Without altering anything, repeat each of the records.

── Data section

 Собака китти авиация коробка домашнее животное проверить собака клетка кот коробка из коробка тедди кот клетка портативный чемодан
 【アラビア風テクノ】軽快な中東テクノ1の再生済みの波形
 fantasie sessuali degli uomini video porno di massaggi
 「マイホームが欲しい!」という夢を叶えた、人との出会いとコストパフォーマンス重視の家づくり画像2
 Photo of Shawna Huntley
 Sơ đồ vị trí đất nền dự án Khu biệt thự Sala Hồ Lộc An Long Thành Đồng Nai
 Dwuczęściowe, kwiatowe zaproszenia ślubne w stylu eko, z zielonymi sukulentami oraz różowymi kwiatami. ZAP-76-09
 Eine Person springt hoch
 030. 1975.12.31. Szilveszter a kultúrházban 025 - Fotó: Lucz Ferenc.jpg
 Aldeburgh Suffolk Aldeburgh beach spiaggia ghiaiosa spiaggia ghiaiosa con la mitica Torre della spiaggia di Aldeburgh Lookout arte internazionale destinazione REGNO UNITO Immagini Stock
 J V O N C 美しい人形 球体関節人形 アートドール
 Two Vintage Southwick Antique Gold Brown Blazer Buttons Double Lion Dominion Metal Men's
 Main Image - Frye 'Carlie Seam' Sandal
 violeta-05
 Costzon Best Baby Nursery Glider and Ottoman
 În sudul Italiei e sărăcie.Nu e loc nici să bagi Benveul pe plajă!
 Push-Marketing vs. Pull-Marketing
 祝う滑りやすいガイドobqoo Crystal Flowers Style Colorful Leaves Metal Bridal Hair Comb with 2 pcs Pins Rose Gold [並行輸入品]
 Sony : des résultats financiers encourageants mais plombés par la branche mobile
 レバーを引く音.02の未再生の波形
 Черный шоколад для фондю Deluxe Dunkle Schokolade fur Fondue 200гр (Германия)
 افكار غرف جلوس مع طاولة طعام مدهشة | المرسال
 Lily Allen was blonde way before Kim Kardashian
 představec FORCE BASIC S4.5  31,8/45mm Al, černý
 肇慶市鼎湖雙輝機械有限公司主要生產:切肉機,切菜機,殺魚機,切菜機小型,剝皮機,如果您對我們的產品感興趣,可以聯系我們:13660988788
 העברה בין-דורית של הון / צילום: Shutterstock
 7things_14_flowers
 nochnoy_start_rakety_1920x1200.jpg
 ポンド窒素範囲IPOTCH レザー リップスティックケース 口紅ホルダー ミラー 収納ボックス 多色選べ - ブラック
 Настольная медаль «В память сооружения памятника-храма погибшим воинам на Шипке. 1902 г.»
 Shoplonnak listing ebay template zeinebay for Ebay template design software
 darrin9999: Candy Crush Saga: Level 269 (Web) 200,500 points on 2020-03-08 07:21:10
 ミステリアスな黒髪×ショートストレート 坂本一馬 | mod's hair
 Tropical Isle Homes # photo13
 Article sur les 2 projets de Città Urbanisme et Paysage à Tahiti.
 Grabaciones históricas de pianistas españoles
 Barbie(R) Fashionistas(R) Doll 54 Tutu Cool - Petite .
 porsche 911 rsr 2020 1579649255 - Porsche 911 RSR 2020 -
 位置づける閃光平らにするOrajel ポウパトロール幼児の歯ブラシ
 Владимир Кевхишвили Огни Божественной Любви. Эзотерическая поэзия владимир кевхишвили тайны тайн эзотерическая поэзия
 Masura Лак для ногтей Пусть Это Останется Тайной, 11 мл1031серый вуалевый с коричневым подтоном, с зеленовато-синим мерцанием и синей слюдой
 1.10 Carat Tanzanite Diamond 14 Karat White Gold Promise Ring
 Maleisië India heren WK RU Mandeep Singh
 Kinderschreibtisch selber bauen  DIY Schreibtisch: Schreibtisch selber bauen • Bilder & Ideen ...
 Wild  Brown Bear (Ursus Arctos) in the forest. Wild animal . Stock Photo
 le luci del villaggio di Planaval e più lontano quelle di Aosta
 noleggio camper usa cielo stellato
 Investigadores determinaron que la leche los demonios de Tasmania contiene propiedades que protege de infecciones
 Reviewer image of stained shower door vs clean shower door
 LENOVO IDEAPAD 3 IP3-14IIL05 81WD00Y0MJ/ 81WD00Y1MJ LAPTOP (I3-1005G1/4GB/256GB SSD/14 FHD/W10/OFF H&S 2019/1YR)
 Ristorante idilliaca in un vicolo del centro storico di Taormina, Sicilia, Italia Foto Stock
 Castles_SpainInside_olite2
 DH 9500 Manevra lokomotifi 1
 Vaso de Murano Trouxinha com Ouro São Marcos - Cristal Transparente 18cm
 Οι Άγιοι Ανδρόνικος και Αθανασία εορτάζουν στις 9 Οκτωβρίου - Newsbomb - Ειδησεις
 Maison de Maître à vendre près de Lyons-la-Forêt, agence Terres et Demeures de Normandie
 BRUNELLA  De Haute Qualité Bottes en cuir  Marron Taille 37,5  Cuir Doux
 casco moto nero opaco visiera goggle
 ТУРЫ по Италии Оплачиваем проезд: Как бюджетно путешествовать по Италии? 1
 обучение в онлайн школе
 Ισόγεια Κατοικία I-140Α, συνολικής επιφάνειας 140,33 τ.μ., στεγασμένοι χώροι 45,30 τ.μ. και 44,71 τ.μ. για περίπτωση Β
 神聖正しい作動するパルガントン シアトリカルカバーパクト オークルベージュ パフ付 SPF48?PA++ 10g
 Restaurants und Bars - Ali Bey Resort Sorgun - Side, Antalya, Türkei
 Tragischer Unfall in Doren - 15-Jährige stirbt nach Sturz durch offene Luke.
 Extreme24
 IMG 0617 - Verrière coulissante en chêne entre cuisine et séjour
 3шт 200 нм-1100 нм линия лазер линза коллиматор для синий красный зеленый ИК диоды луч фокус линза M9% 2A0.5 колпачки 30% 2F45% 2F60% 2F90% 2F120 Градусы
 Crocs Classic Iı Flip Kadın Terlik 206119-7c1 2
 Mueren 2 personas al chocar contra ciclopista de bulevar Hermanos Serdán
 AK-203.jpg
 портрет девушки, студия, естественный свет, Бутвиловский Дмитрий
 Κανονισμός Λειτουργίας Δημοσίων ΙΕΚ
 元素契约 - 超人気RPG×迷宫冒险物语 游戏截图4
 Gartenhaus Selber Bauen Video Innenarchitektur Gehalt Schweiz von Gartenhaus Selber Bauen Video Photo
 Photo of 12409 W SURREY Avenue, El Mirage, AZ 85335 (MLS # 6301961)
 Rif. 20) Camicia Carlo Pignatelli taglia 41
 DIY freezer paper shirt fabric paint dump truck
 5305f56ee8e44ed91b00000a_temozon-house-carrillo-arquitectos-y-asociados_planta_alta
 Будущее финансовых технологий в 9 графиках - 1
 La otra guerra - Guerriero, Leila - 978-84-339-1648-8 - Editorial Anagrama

────

=== Response to this exercise ===
 Собака китти авиация коробка домашнее животное проверить собака клетка кот коробка из коробка тедди кот клетка портативный чемодан
 【アラビア風テクノ】軽快な中東テクノ1の再生済みの波形
 fantasie sessuali degli uomini video porno di massaggi
 「マイホームが欲しい!」という夢を叶えた、人との出会いとコストパフォーマンス重視の家づくり画像2
 Photo of Shawna Huntley
 Sơ đồ vị trí đất nền dự án Khu biệt thự Sala Hồ Lộc An Long Thành Đồng Nai
 Dwuczęściowe, kwiatowe zaproszenia ślubne w stylu eko, z zielonymi sukulentami oraz różowymi kwiatami. ZAP-76-09
 Eine Person springt hoch
 030. 1975.12.31. Szilveszter a kultúrházban 025 - Fotó: Lucz Ferenc.jpg
 Aldeburgh Suffolk Aldeburgh beach spiaggia ghiaiosa spiaggia ghiaiosa con la mitica Torre della spiaggia di Aldeburgh Lookout arte internazionale destinazione REGNO UNITO Immagini Stock
 J V O N C 美しい人形 球体関節人形 アートドール
 Two Vintage Southwick Antique Gold Brown Blazer Buttons Double Lion Dominion Metal Men's
 Main Image - Frye 'Carlie Seam' Sandal
 violeta-05
 Costzon Best Baby Nursery Glider and Ottoman
 În sudul Italiei e sărăcie.Nu e loc nici să bagi Benveul pe plajă!
 Push-Marketing vs. Pull-Marketing
 祝う滑りやすいガイドobqoo Crystal Flowers Style Colorful Leaves Metal Bridal Hair Comb with 2 pcs Pins Rose Gold [並行輸入品]
 Sony : des résultats financiers encourageants mais plombés par la branche mobile
 レバーを引く音.02の未再生の波形
 Черный шоколад для фондю Deluxe Dunkle Schokolade fur Fondue 200гр (Германия)
 افكار غرف جلوس مع طاولة طعام مدهشة | المرسال
 Lily Allen was blonde way before Kim Kardashian
 představec FORCE BASIC S4.5  31,8/45mm Al, černý
 肇慶市鼎湖雙輝機械有限公司主要生產:切肉機,切菜機,殺魚機,切菜機小型,剝皮機,如果您對我們的產品感興趣,可以聯系我們:13660988788
 העברה בין-דורית של הון / צילום: Shutterstock
 7things_14_flowers
 nochnoy_start_rakety_1920x1200.jpg
 ポンド窒素範囲IPOTCH レザー リップスティックケース 口紅ホルダー ミラー 収納ボックス 多色選べ - ブラック
 Настольная медаль «В память сооружения памятника-храма погибшим воинам на Шипке. 1902 г.»
 Shoplonnak listing ebay template zeinebay for Ebay template design software
 darrin9999: Candy Crush Saga: Level 269 (Web) 200,500 points on 2020-03-08 07:21:10
 ミステリアスな黒髪×ショートストレート 坂本一馬 | mod's hair
 Tropical Isle Homes # photo13
 Article sur les 2 projets de Città Urbanisme et Paysage à Tahiti.
 Grabaciones históricas de pianistas españoles
 Barbie(R) Fashionistas(R) Doll 54 Tutu Cool - Petite .
 porsche 911 rsr 2020 1579649255 - Porsche 911 RSR 2020 -
 位置づける閃光平らにするOrajel ポウパトロール幼児の歯ブラシ
 Владимир Кевхишвили Огни Божественной Любви. Эзотерическая поэзия владимир кевхишвили тайны тайн эзотерическая поэзия
 Masura Лак для ногтей Пусть Это Останется Тайной, 11 мл1031серый вуалевый с коричневым подтоном, с зеленовато-синим мерцанием и синей слюдой
 1.10 Carat Tanzanite Diamond 14 Karat White Gold Promise Ring
 Maleisië India heren WK RU Mandeep Singh
 Kinderschreibtisch selber bauen  DIY Schreibtisch: Schreibtisch selber bauen • Bilder & Ideen ...
 Wild  Brown Bear (Ursus Arctos) in the forest. Wild animal . Stock Photo
 le luci del villaggio di Planaval e più lontano quelle di Aosta
 noleggio camper usa cielo stellato
 Investigadores determinaron que la leche los demonios de Tasmania contiene propiedades que protege de infecciones
 Reviewer image of stained shower door vs clean shower door
 LENOVO IDEAPAD 3 IP3-14IIL05 81WD00Y0MJ/ 81WD00Y1MJ LAPTOP (I3-1005G1/4GB/256GB SSD/14 FHD/W10/OFF H&S 2019/1YR)
 Ristorante idilliaca in un vicolo del centro storico di Taormina, Sicilia, Italia Foto Stock
 Castles_SpainInside_olite2
 DH 9500 Manevra lokomotifi 1
 Vaso de Murano Trouxinha com Ouro São Marcos - Cristal Transparente 18cm
 Οι Άγιοι Ανδρόνικος και Αθανασία εορτάζουν στις 9 Οκτωβρίου - Newsbomb - Ειδησεις
 Maison de Maître à vendre près de Lyons-la-Forêt, agence Terres et Demeures de Normandie
 BRUNELLA  De Haute Qualité Bottes en cuir  Marron Taille 37,5  Cuir Doux
 casco moto nero opaco visiera goggle
 ТУРЫ по Италии Оплачиваем проезд: Как бюджетно путешествовать по Италии? 1
 обучение в онлайн школе
 Ισόγεια Κατοικία I-140Α, συνολικής επιφάνειας 140,33 τ.μ., στεγασμένοι χώροι 45,30 τ.μ. και 44,71 τ.μ. για περίπτωση Β
 神聖正しい作動するパルガントン シアトリカルカバーパクト オークルベージュ パフ付 SPF48?PA++ 10g
 Restaurants und Bars - Ali Bey Resort Sorgun - Side, Antalya, Türkei
 Tragischer Unfall in Doren - 15-Jährige stirbt nach Sturz durch offene Luke.
 Extreme24
 IMG 0617 - Verrière coulissante en chêne entre cuisine et séjour
 3шт 200 нм-1100 нм линия лазер линза коллиматор для синий красный зеленый ИК диоды луч фокус линза M9% 2A0.5 колпачки 30% 2F45% 2F60% 2F90% 2F120 Градусы
 Crocs Classic Iı Flip Kadın Terlik 206119-7c1 2
 Mueren 2 personas al chocar contra ciclopista de bulevar Hermanos Serdán
 AK-203.jpg
 портрет девушки, студия, естественный свет, Бутвиловский Дмитрий
 Κανονισμός Λειτουργίας Δημοσίων ΙΕΚ
 元素契约 - 超人気RPG×迷宫冒险物语 游戏截图4
 Gartenhaus Selber Bauen Video Innenarchitektur Gehalt Schweiz von Gartenhaus Selber Bauen Video Photo
 Photo of 12409 W SURREY Avenue, El Mirage, AZ 85335 (MLS # 6301961)
 Rif. 20) Camicia Carlo Pignatelli taglia 41
 DIY freezer paper shirt fabric paint dump truck
 5305f56ee8e44ed91b00000a_temozon-house-carrillo-arquitectos-y-asociados_planta_alta
 Будущее финансовых технологий в 9 графиках - 1
 La otra guerra - Guerriero, Leila - 978-84-339-1648-8 - Editorial Anagrama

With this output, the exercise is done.